Хапров и Самарин–старший в это время были на дворе, вытаскивали из погреба бутыль с квасом.

Магнитофон раскручивал ленту американских шумовых мелодий – Хапров возил ее с собой в чемодане. Каждый раз, когда заходил спор о модернистской музыке, включал магнитофон на полную мощность. И торжествовал, видя, как сами же защитники какофонического сумбура недовольно морщатся.

Сейчас же художник отдавал дань западной моде.
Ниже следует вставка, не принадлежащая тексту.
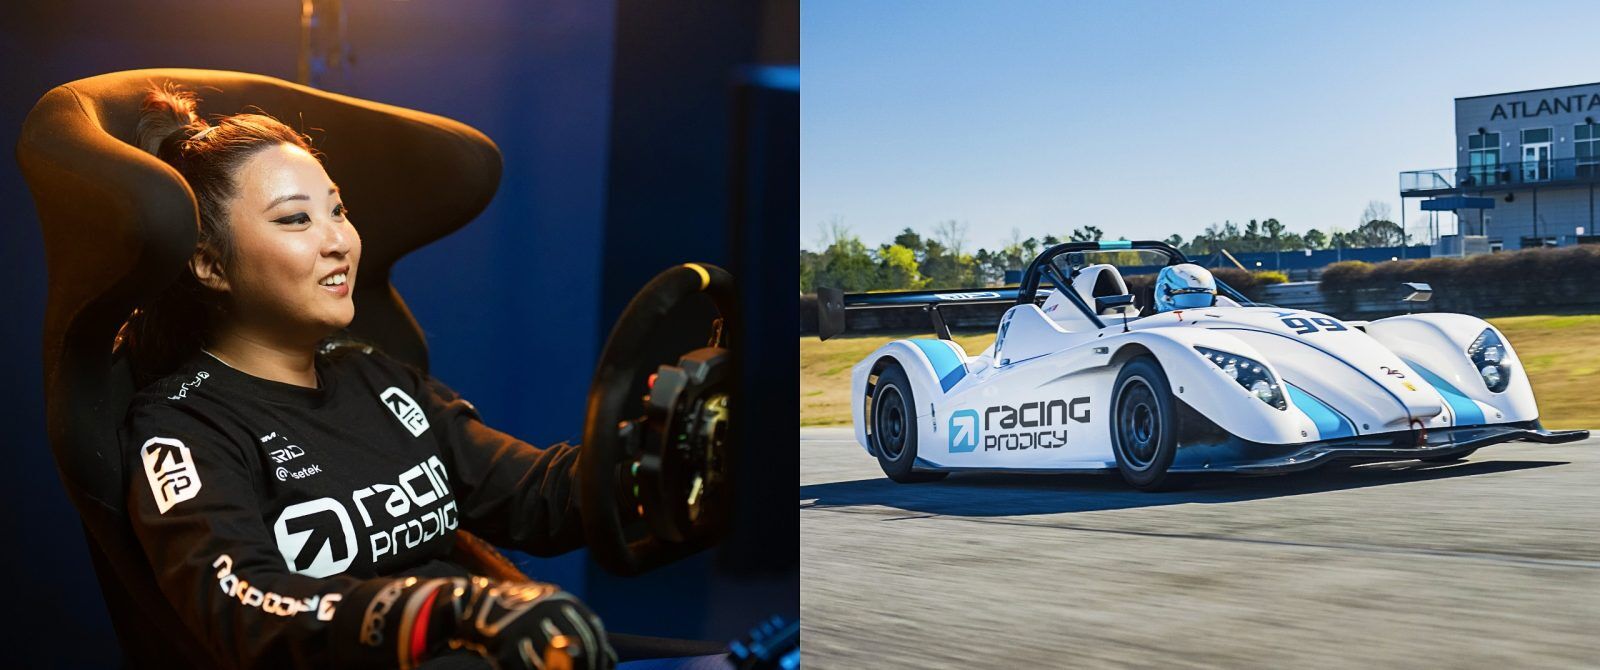 A woman on the left sat in a gaming chair using a steering wheel, and a Radical racing car on the right.

– Вы любите американские мелодии? – спросил Ральф Андрея.

– Я хочу знать, чем живет Америка, – сказал Андрей.

– Вчера в Магнитогорске, – продолжал Ральф. – мы были… как это у вас?.. Представляют рабочие.

– Самодеятельность! – подсказал Самарин.

– Ах, как это хорошо! – поддержал его Сэтби. – Это лучше, чем профессионалы.

– Да, да! – оживился Ральф. – Самодеятельность. Очень хороший ревю давала самодеятельность. Хорошо плясала девушка. А потом пела. И пляшет, и поет. У нее красивое лицо. И статус – так я говорю? Уникальная актриса! Универсальный талант. Я сказал: «Это профессионал!» Мне сказали: «Шлифовщица завода». Нет, я не поверил. Нельзя поверить! Тогда меня пригласили за кулисы и сделали знакомство. Я сказал: «Покажите руки». Тогда увидел на коже… металлическую пыль.

Я поклонился и сказал: «Прошу извинить».

– Вы поступили благородно, – подошел к нему Хапров. – Вы, наверное, сами из рабочих и хорошо понимаете своего брата.

– Нет, нет, – покачал головой Ральф. – Мой отец, миллиардер.

Ральф сказал это с гордостью. Он был уверен, что слово «миллиардер» звучит одинаково сильно на всех языках.

– Андрэ, твои работы секретны? – перевел Сэтби разговор на другую тему.

– Нет.

– Покажешь? – Изволь.

Сэтби благодарно закивал головой.

Они говорили по–английски. Андрей вспоминал свое житье–бытье на английских заводах. Тогда Андрей был юнцом, древний и мудрый Лондон гостеприимно раскрывал перед ним двери.

Удивительно, как изменился с тех пор Сэтби! В гладко зачесанных волосах искрятся белые пряди. Он в упор разглядывал Андрея и как бы говорил: «Я не забыл тебя, нет. С годами человек выходит из толпы, и возле него остаются немногие – три–четыре друга, иногда один. Я тоже стал чувствовать одиночество. Ну, а ты?.. Я как вижу, ты счастлив и всем доволен».

Наклонился к Андрею, тихо спросил:

– Советы платят тебе хорошо?

Самарин не сразу нашелся с ответом, на него вдруг пахнул давно забытый дух меркантилизма английской жизни. Чувство жалости шевельнулось к Сэтби, даже он – большой инженер, человек, которого стремятся перекупить друг у друга металлургические фирмы, – он тоже заражен этим духом.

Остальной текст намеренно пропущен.